··· Dataset content

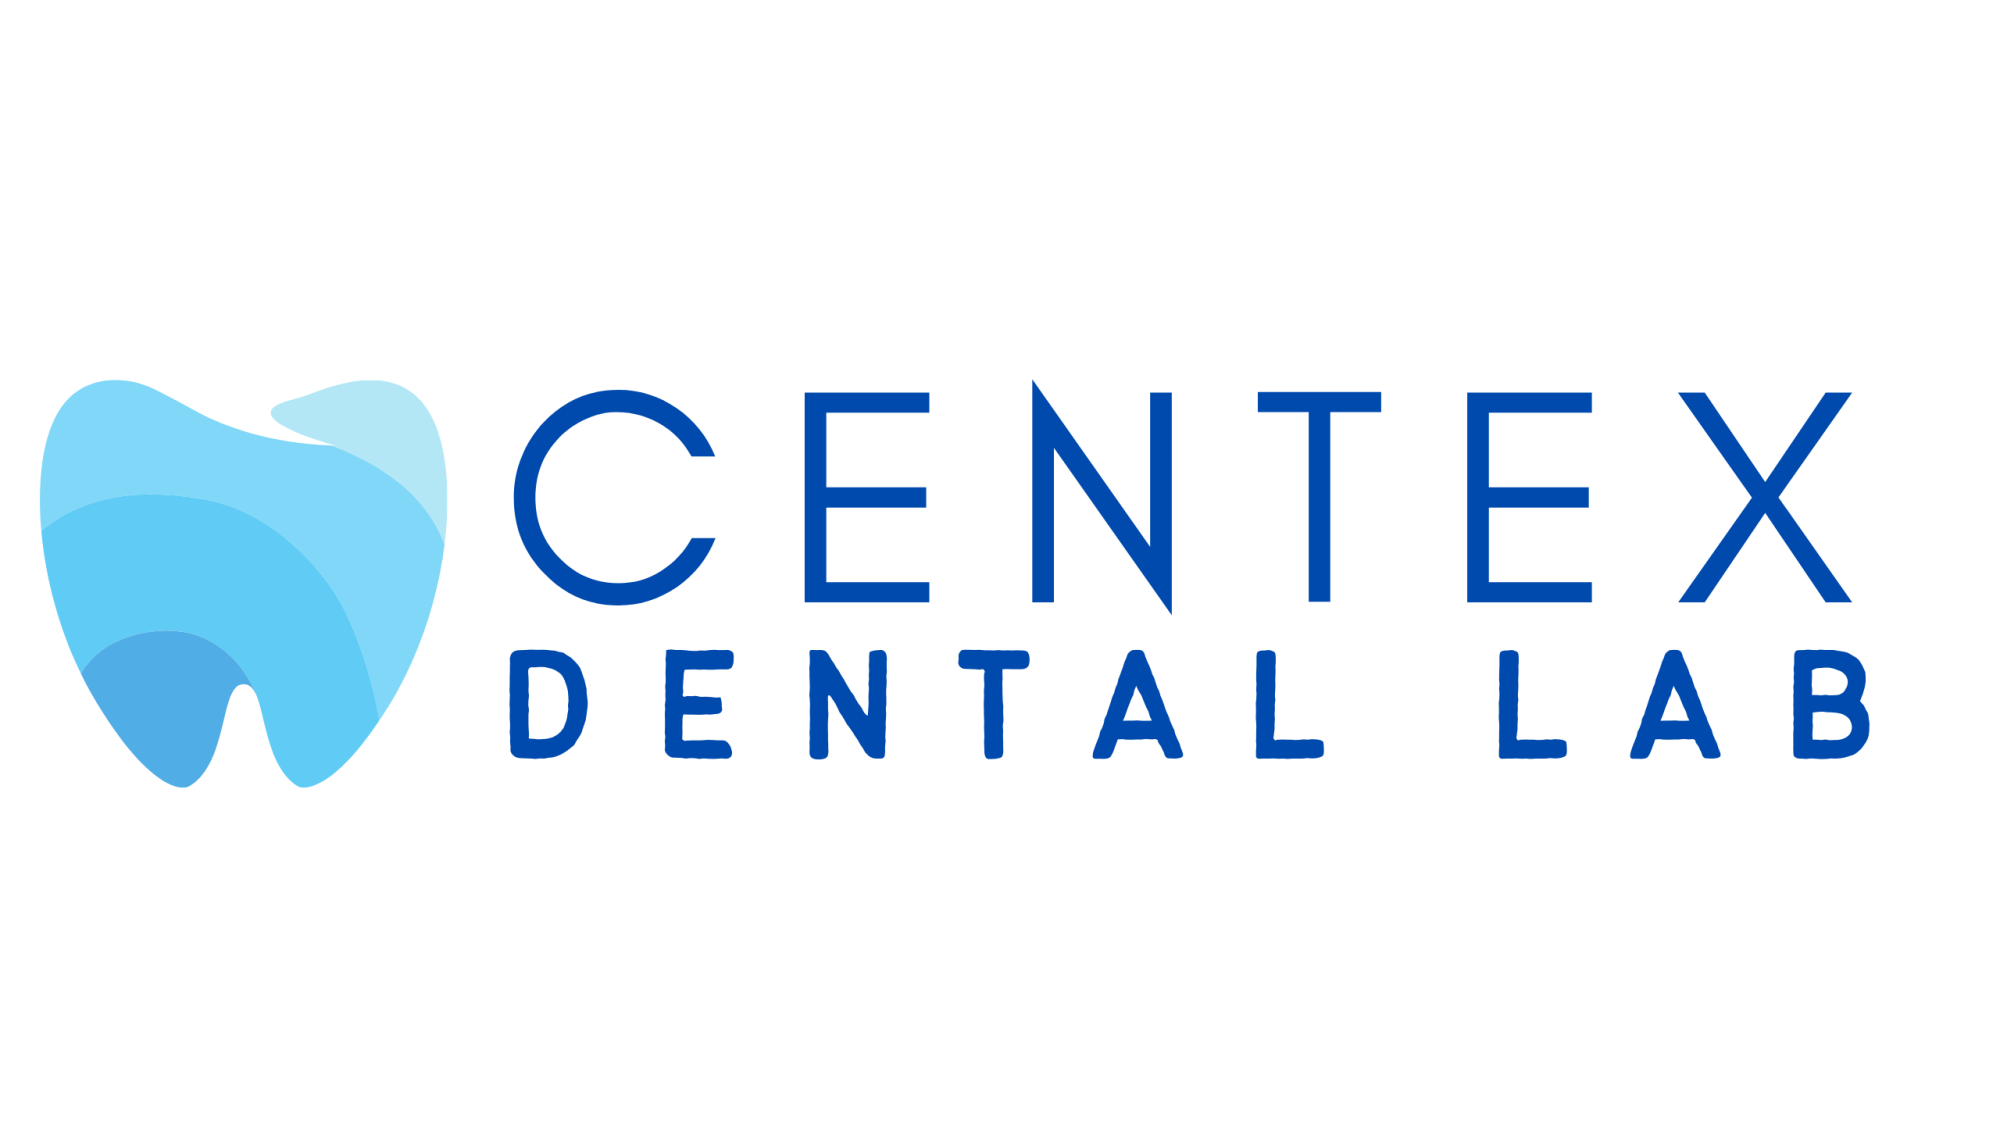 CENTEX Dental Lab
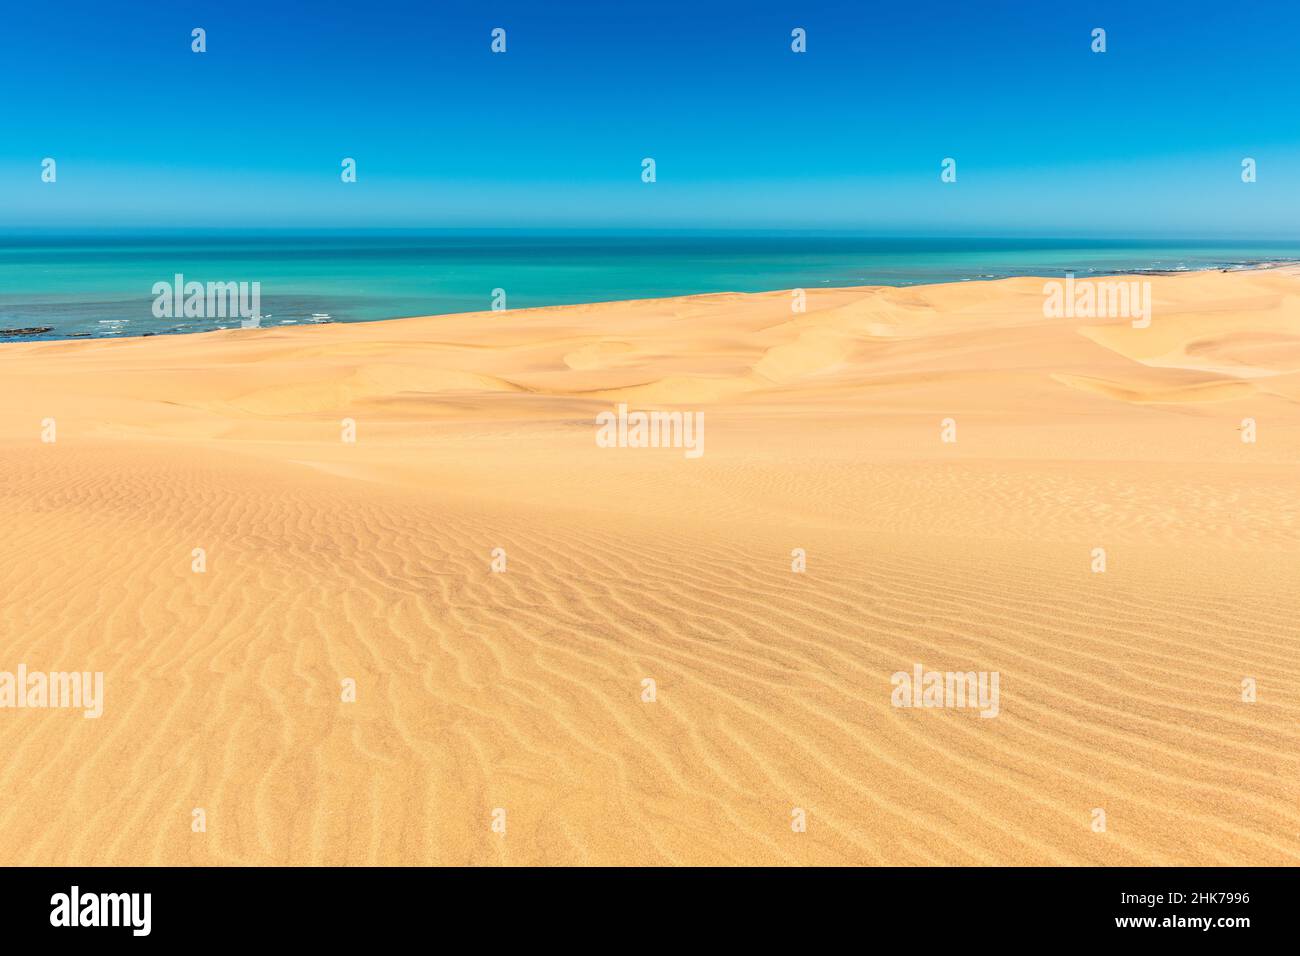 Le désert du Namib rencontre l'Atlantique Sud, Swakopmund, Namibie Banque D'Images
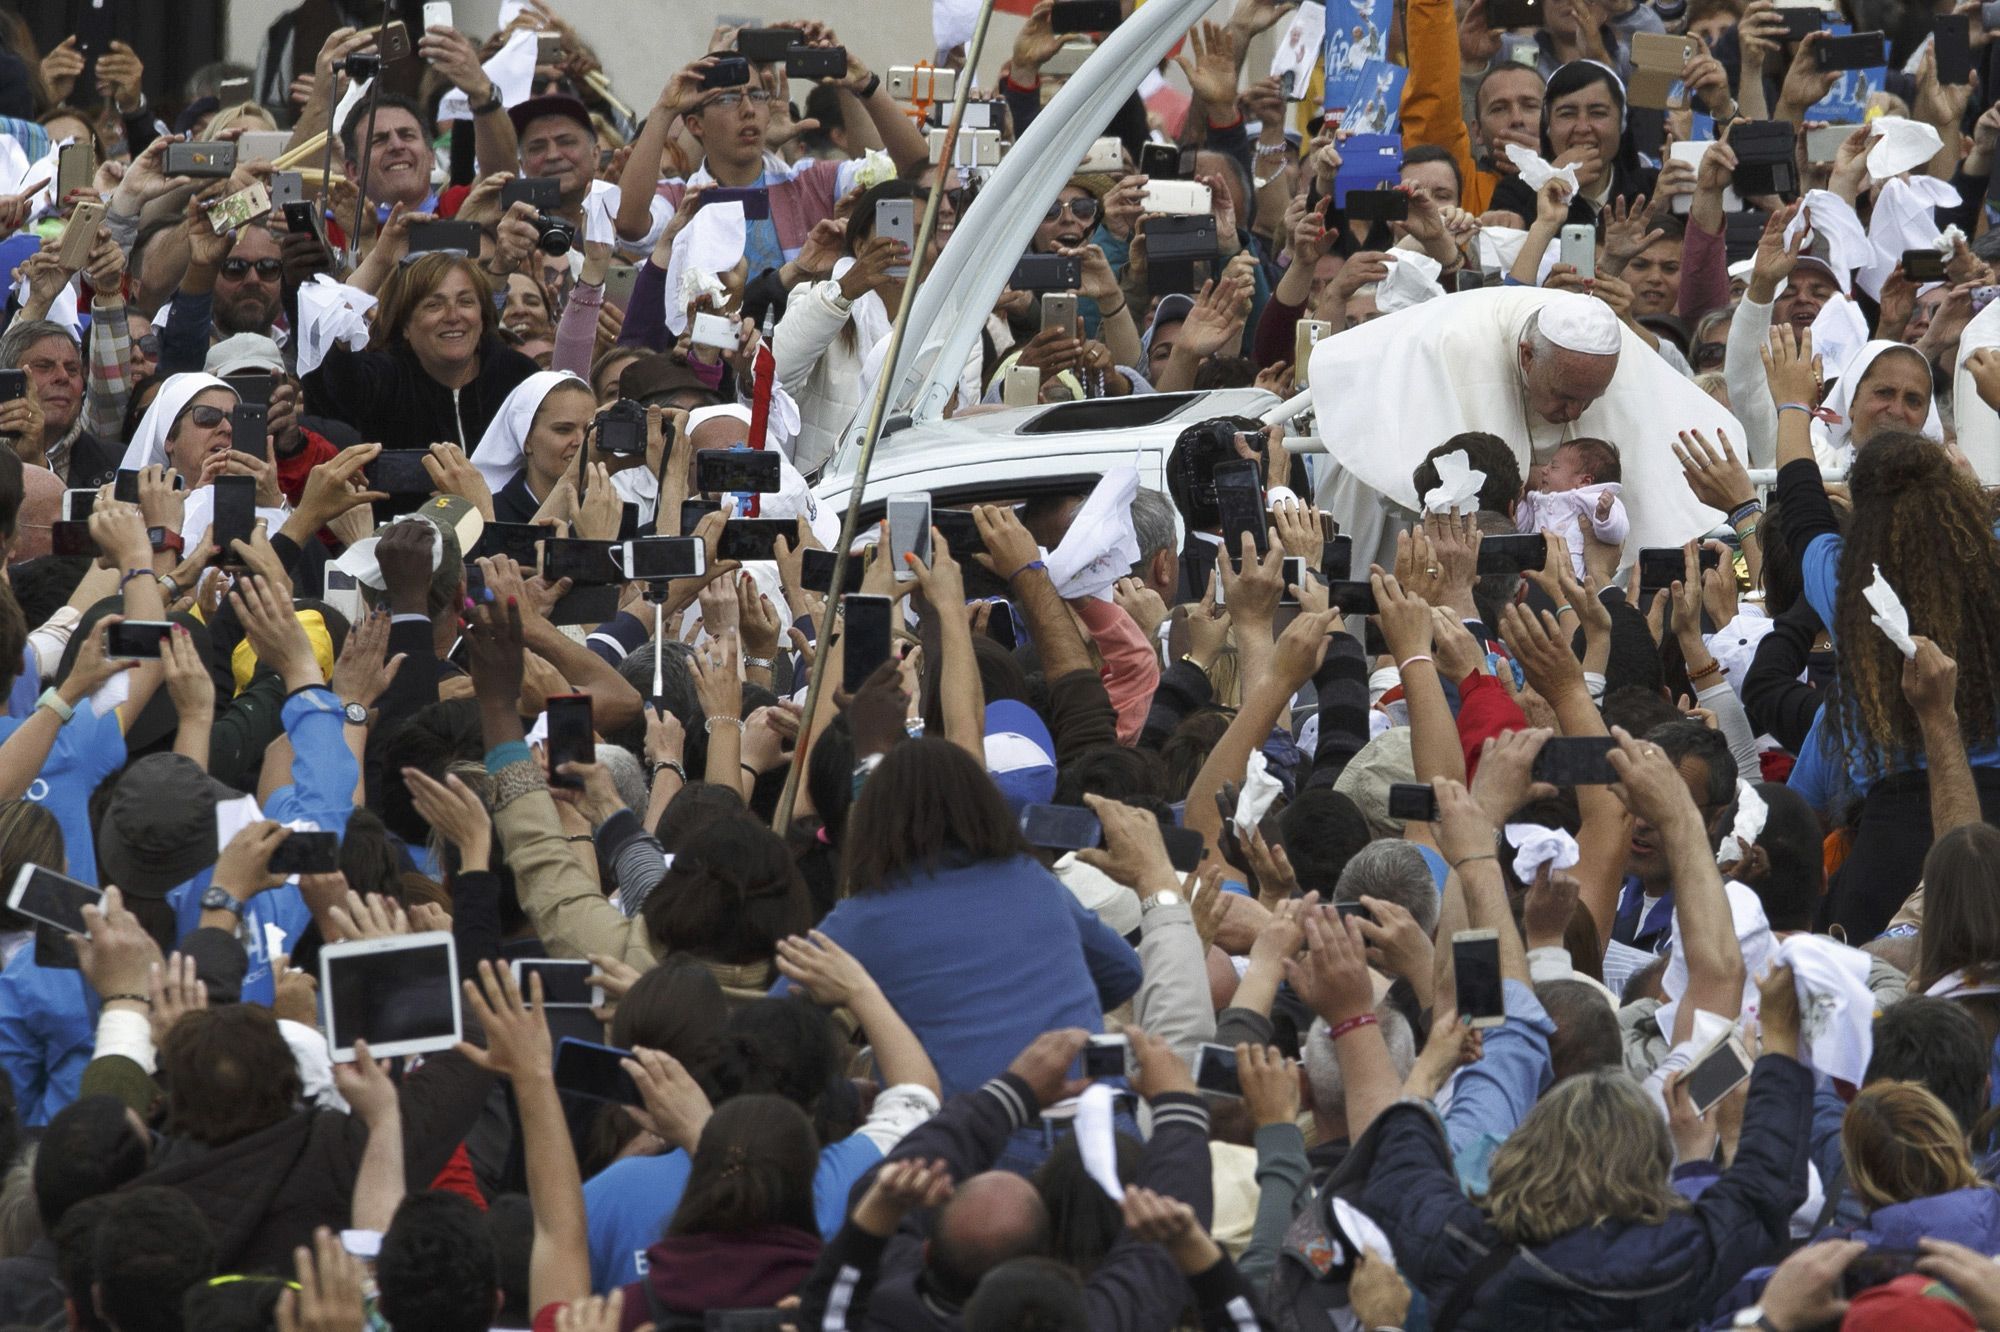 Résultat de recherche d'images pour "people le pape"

······

◆ **Work required**: Print once more, exactly, the lines from the one with "Le désert du" through the last line of the data, both ends included, without any pictures.

◆ **Written solution**:
 Le désert du Namib rencontre l'Atlantique Sud, Swakopmund, Namibie Banque D'Images
 Résultat de recherche d'images pour "people le pape"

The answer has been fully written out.